**ASSIGNMENT**
Word-for-word transcription: reproduce all of the data, but not the pictures.

**DATA SEGMENT**
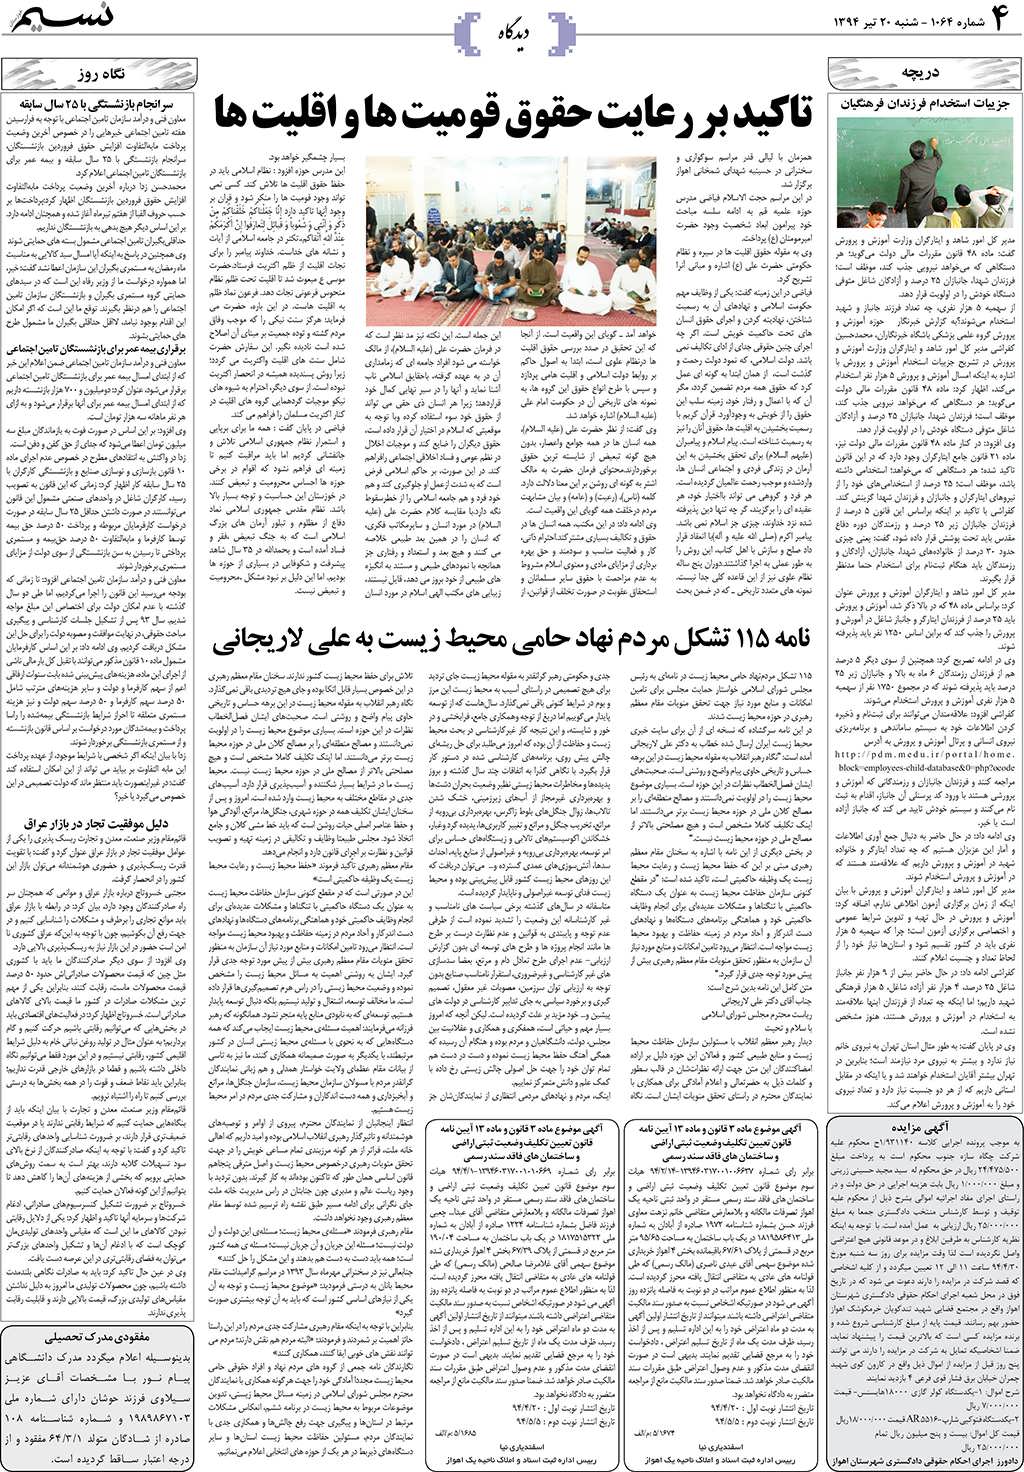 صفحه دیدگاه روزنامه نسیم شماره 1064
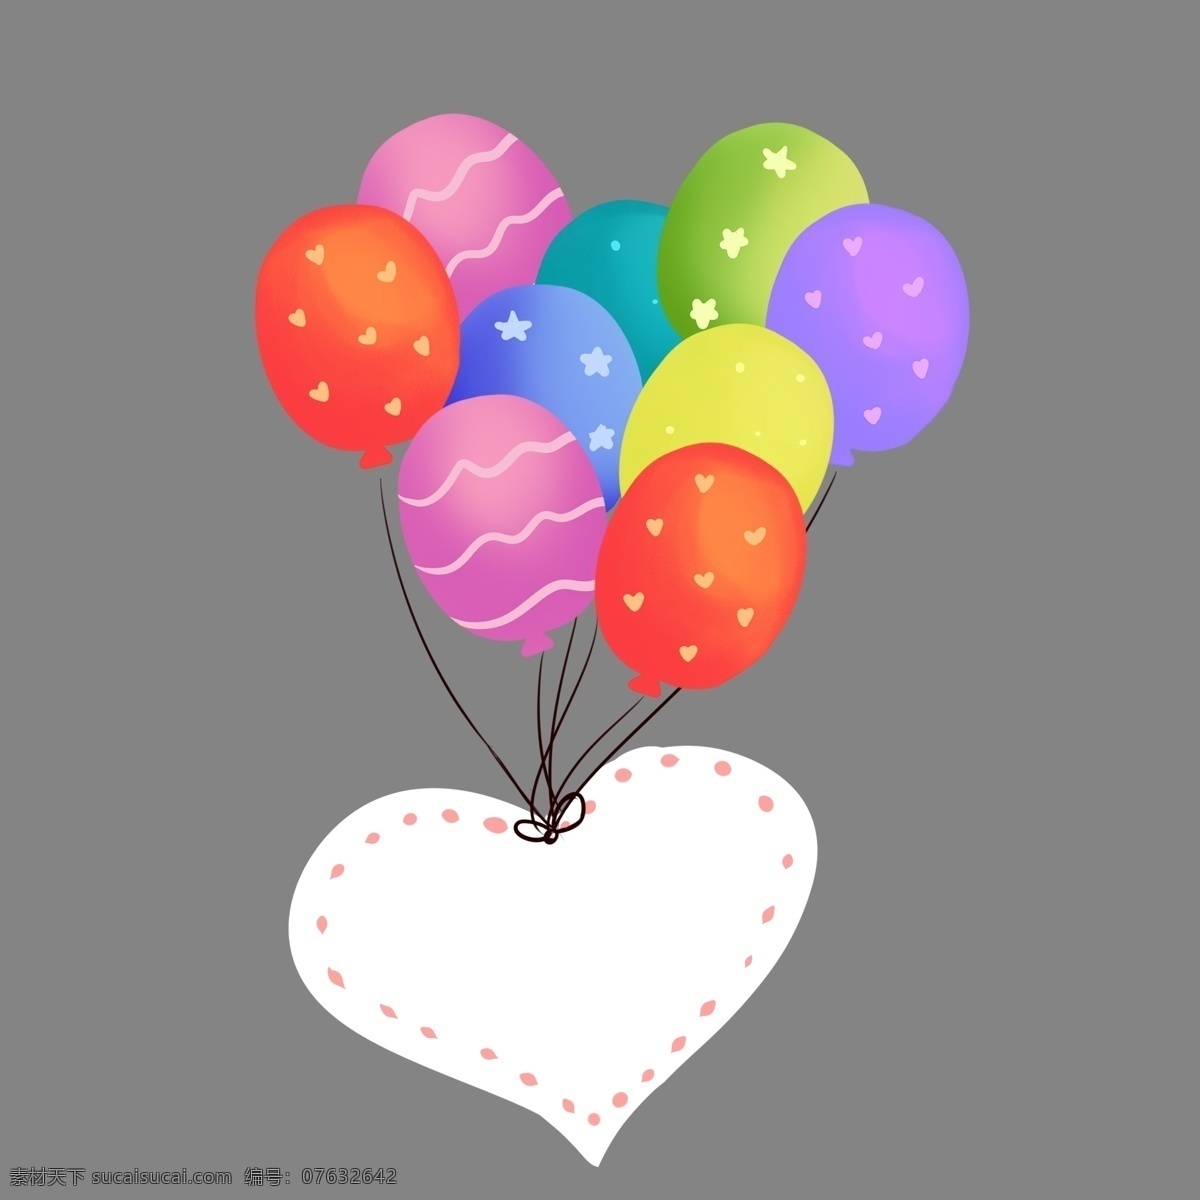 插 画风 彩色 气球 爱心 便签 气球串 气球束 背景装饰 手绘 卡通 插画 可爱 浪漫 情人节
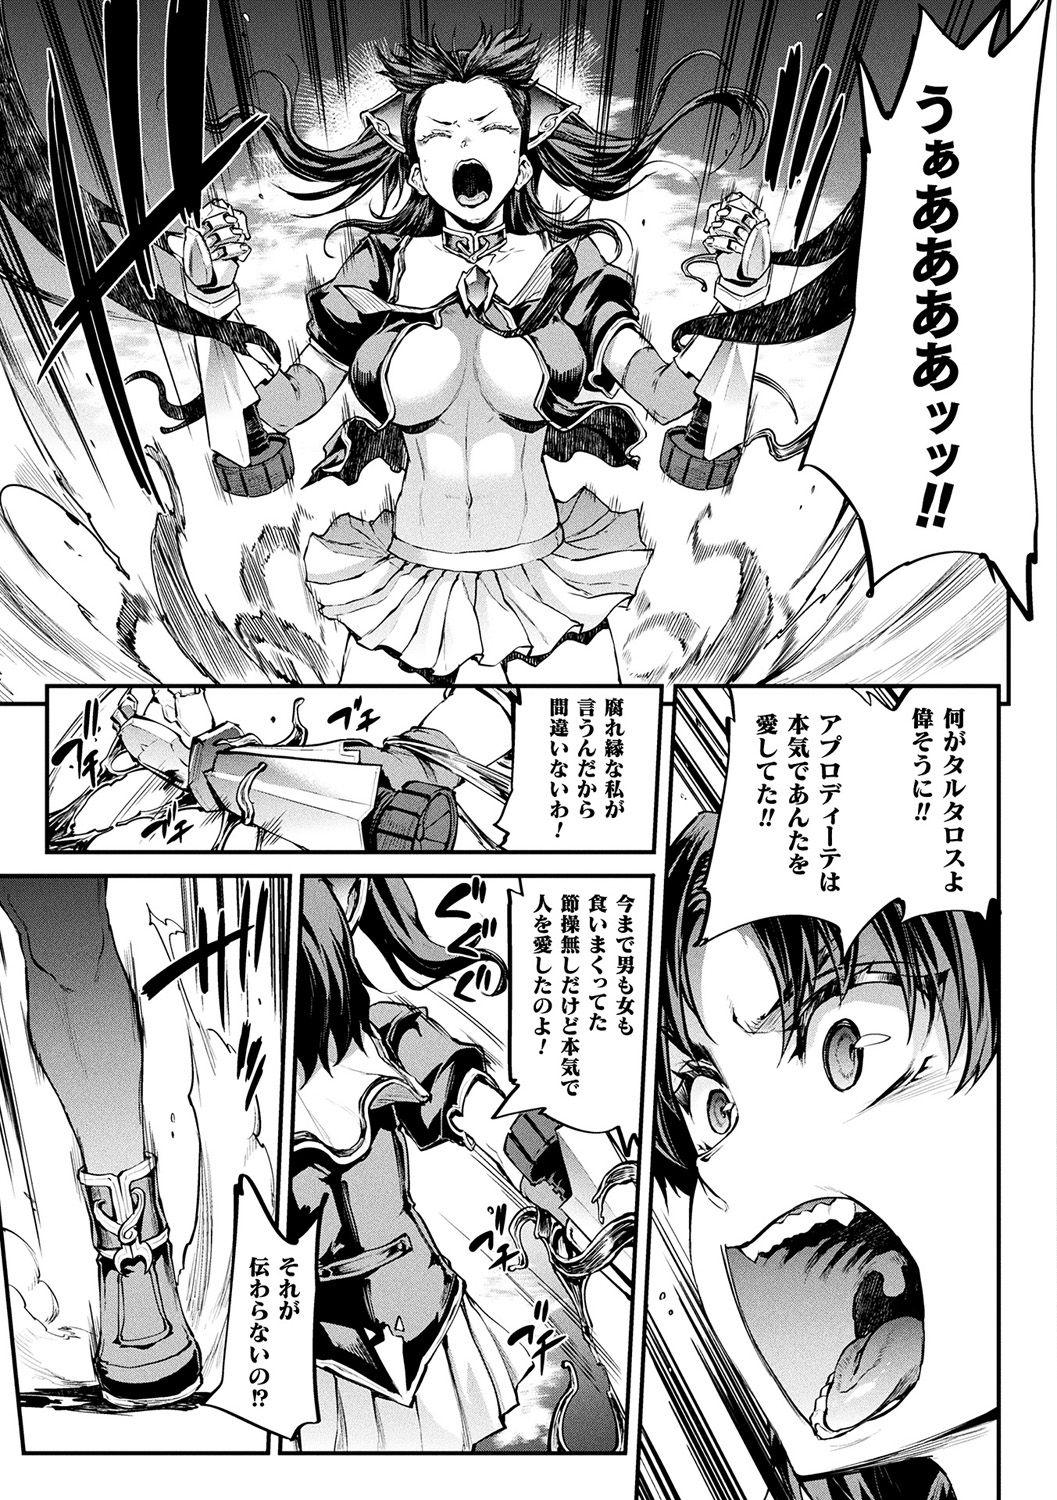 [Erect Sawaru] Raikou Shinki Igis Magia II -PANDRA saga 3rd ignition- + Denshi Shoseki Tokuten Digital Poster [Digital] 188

**WRITTEN SOLUTION**
 صفحه دیدگاه روزنامه نسیم شماره 1064
 插 画风 彩色 气球 爱心 便签 气球串 气球束 背景装饰 手绘 卡通 插画 可爱 浪漫 情人节
 [Erect Sawaru] Raikou Shinki Igis Magia II -PANDRA saga 3rd ignition- + Denshi Shoseki Tokuten Digital Poster [Digital] 188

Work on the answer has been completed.